EXERCISE REQUIREMENTS →
After removing every image, reproduce the data exactly as it appears.

DATA EXCERPT →
------------------------

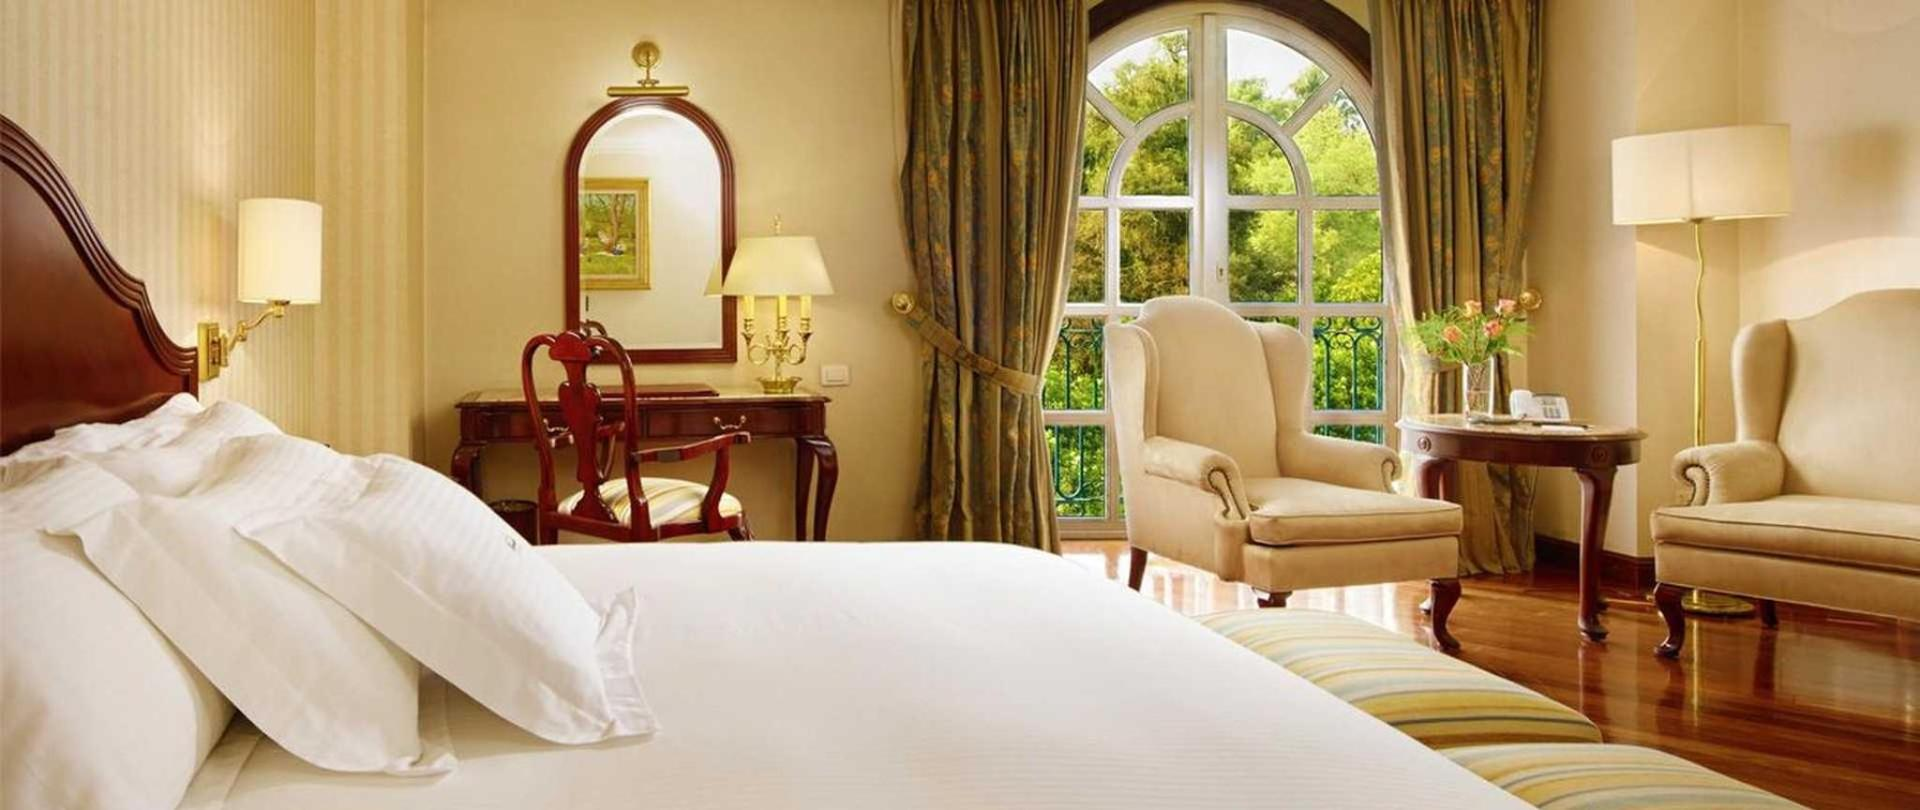 El Green Park Hotel
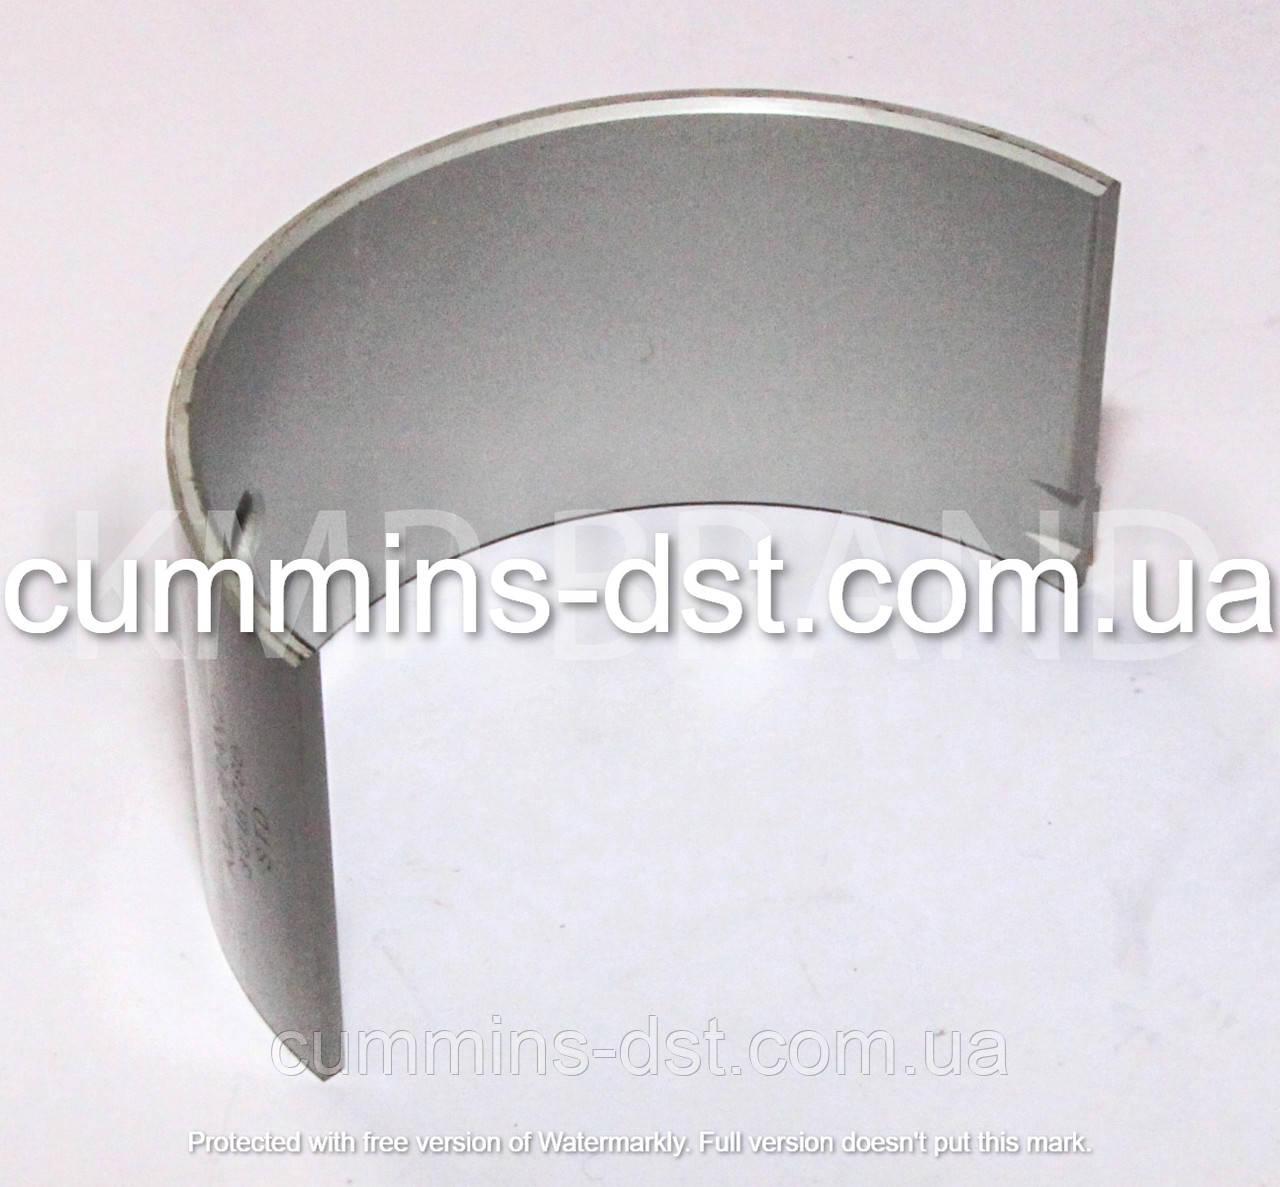 Вкладыши шатунные STD Cummins L10/M11/QSM11/ISM11
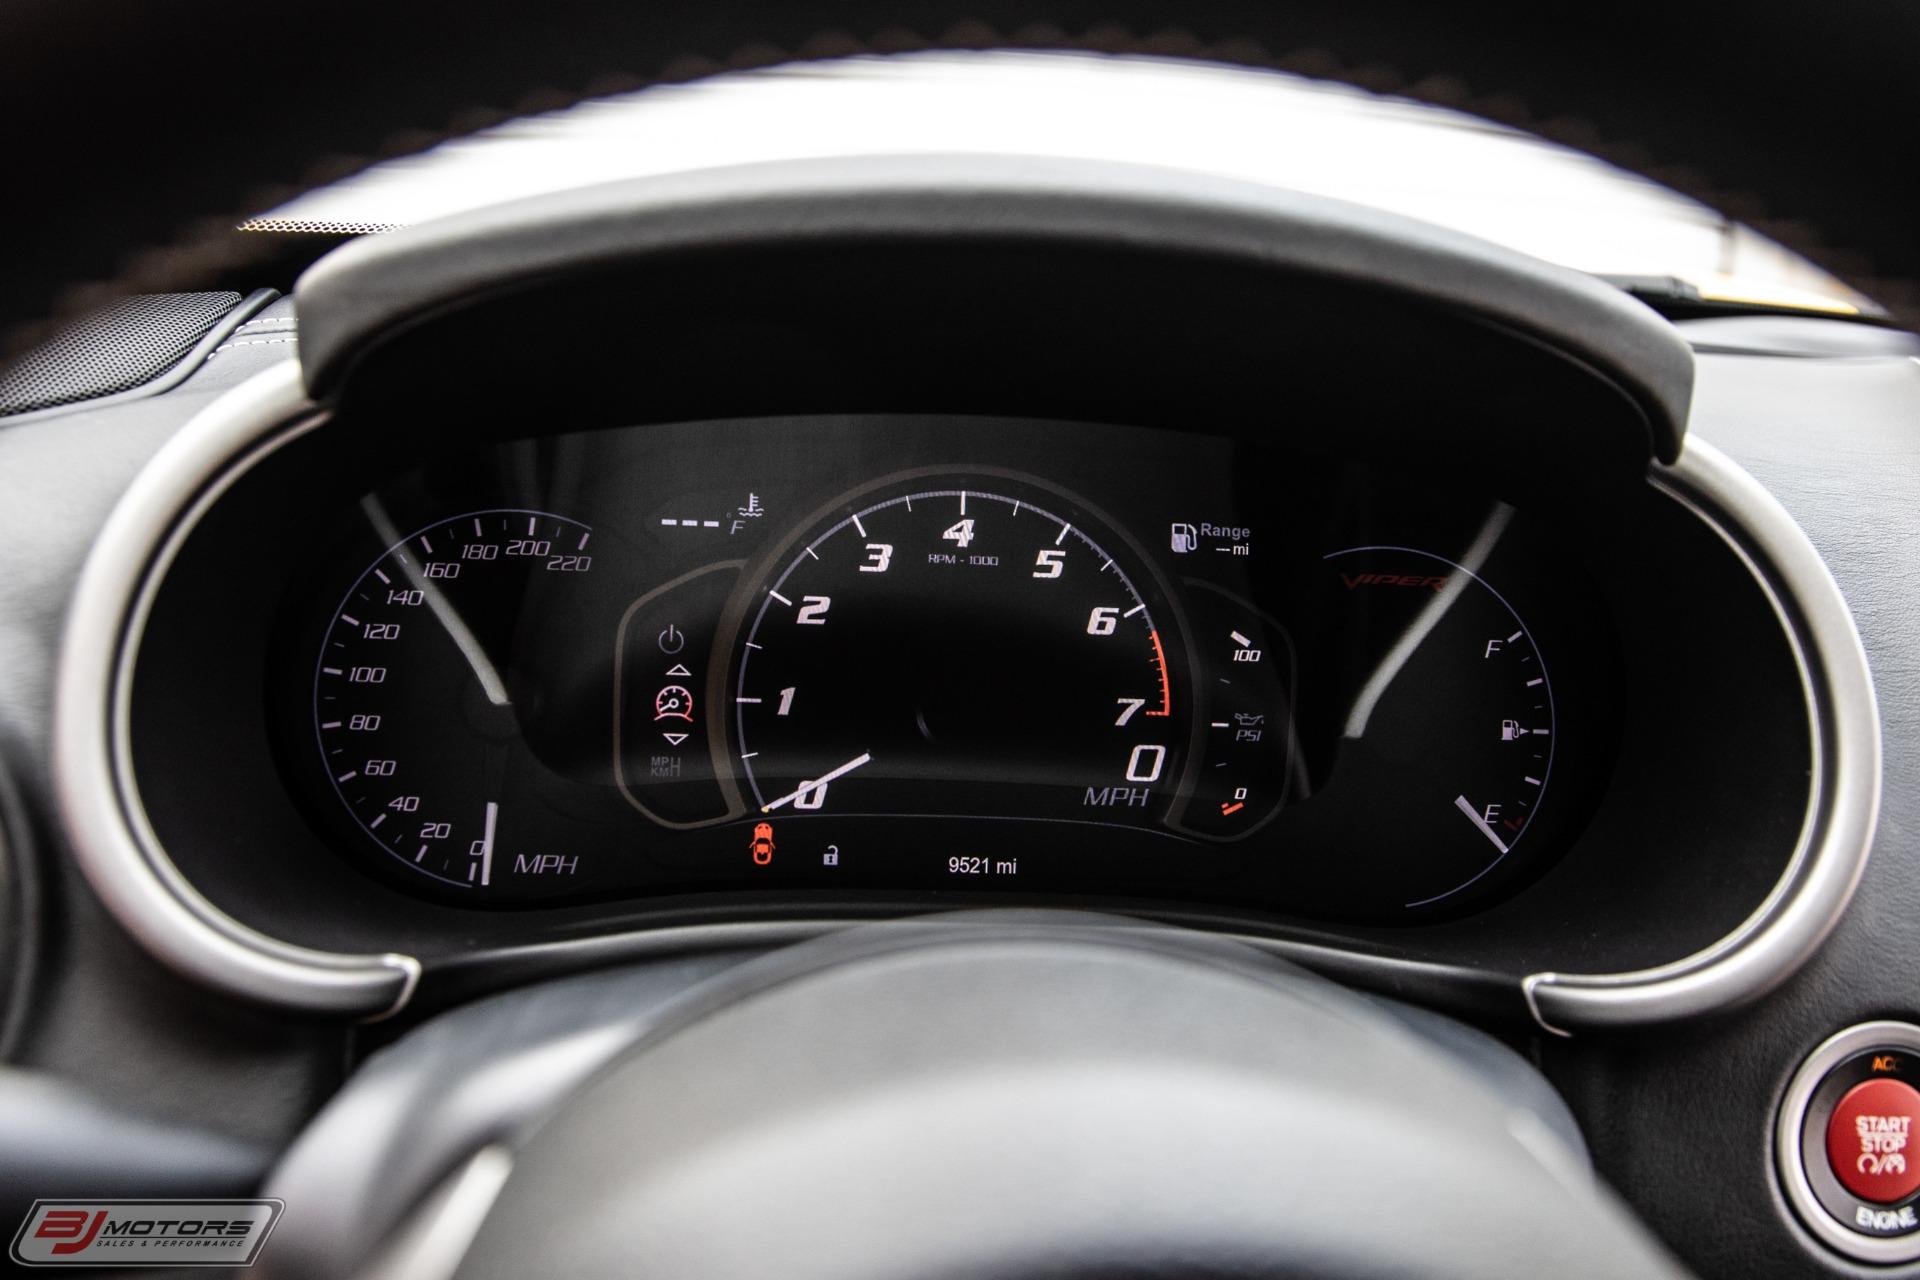 Used-2013-Dodge-Viper-GTS

------------------------

ANSWER BELOW →
 El Green Park Hotel
 Вкладыши шатунные STD Cummins L10/M11/QSM11/ISM11
 Used-2013-Dodge-Viper-GTS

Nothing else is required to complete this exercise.